Lincoln Center Canopies – Glass Supporting Steel

Date: 25 January 2012
Copyright:
  • GPD Conference

Date: 25 January 2012

The canopies are a composite construction between both steel and glass, leaving no element without stress or structural function.

The steel without the glass would have little lateral stability, and would not survive a wind storm. The overhead glazing was developed into a 30m long lateral beam using a series of unique but simple point fitting connectors. A glass "knee" structurally connected the two halves of the pier. A number of special technical problems were required to be resolved because of the rigid attachment of steel to glass, including the relative thermal movement of the dissimilar materials. Designed in collaboration with Diller Scofidio & Renfro Architects, the structure is an architectural feature of the Lincoln Center development.





Introduction



The canopies at the Lincoln Center in New York City are both functional entry ways as well as aesthetic features of the campus. The canopies is a glass and steel composite structure, where the glass is part of the load path for both dead and live loads. They formed the centerpiece of 2010 Fashion Week that was held at the Lincoln Center.

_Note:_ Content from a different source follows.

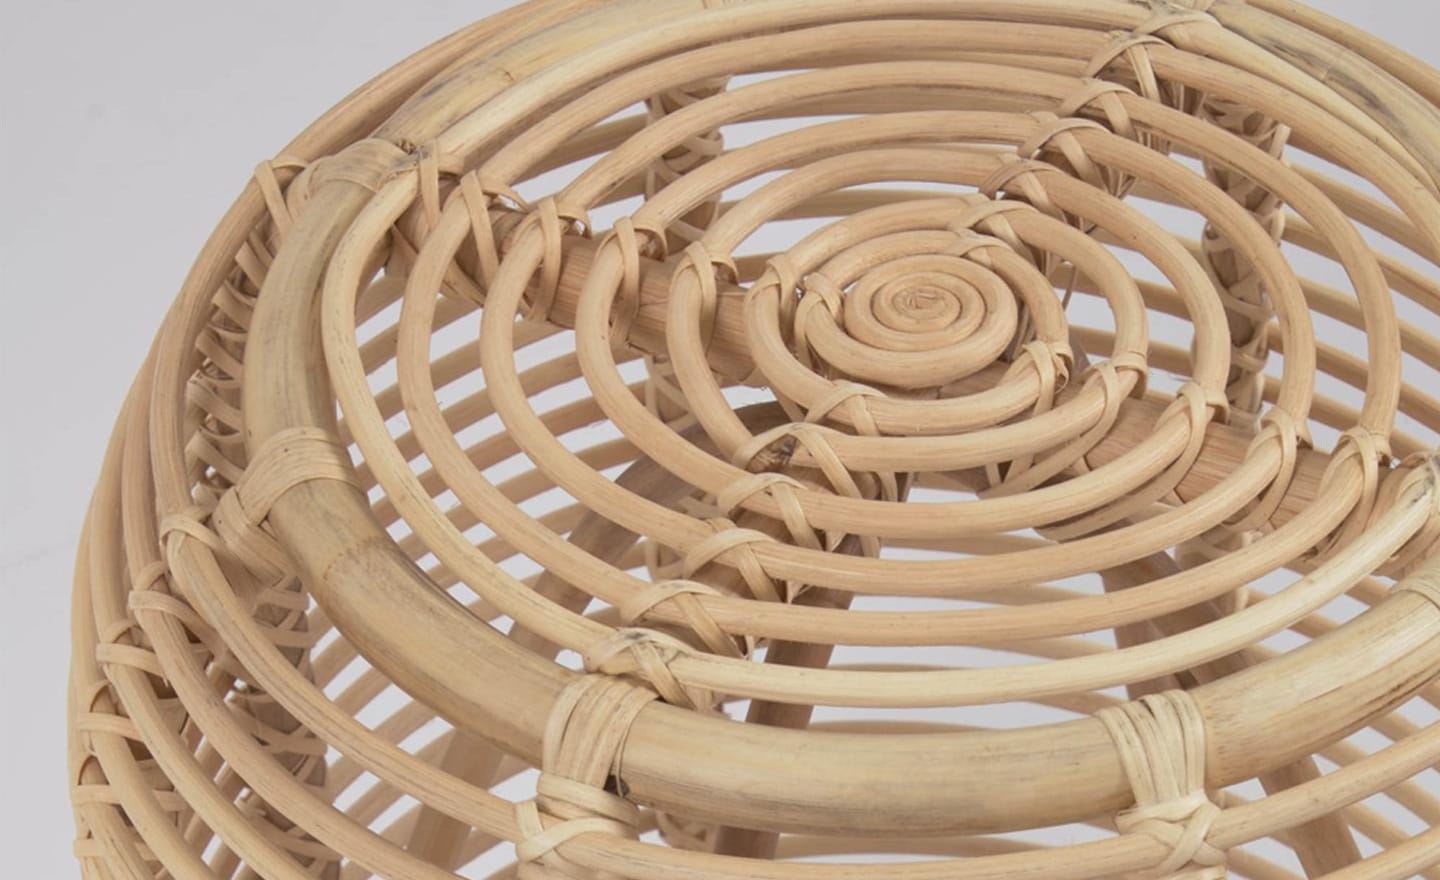 Mesa de Apoio Kohana feita em ratán com acabamento natural. Peça artesanal e exclusiva, com tonalidades e texturas próprias.

The overhead glazing provided lateral strength for the structure, and the two halves of the pier were held together with a glass knee.



Precedent structures leading up to the development of this canopy were the Brooklyn Academy of Music Canopy and the Klein house. The glass forms the tension element in a derrick crane type structure, and was completed in 2007. The Klein house features glass walls that hold up the roof. Both of these projects included glass supporting steel, provided valuable lessons for the design of the Lincoln Center canopies.





Figure: Finished structure





Figure: Finished structure   





Figure: Brooklyn Academy of Music Canopy. Overhead glazing is in tension to hold up the steel frame.





Klein house





Load paths



The canopy beams were cantilevered from the piers by 11.6m with a backspan of14.0m, and laterally braced by the overhead glazing. The pier was split into two halves, with each half working compositely with the other because of the connection through the glass knees.





Figure: Glass knee holds two halves of the pier together





Lateral system



Figure: Plan view of canopy. Glazing forms part of the lateral system.





Aeroelastic Performance



The structure is relatively stiff in the vertical horizontal directions, though it relatively flexible in the torsion mode. Its first natural frequency is 2Hz in the torsion mode. Additionally, its cross section is comparable to that of a suspension bridge, and there was some concern about the vortex shedding causing the bridge to become aerodynamically unstable in the torsion mode, in a similar manner to the famous Tacoma Narrows Bridge collapse in the 1940’s.



The bridge has a large flat surface which can twist. When it twists, it picks up more wind load, and then elastically moves to the opposite twisted position. This combines with some vortex shedding and other asymmetric wind loads to form the potential for aerodynamic instalbility.





Figure : Tacoma Narrows Bridge Collapse





Figure: Cross section



This aeroelastic concern was addressed in a number of ways. Firstly the mass and stiffness of the structure were tuned to ensure the first natural mode of vibration exceeded 2.5Hz.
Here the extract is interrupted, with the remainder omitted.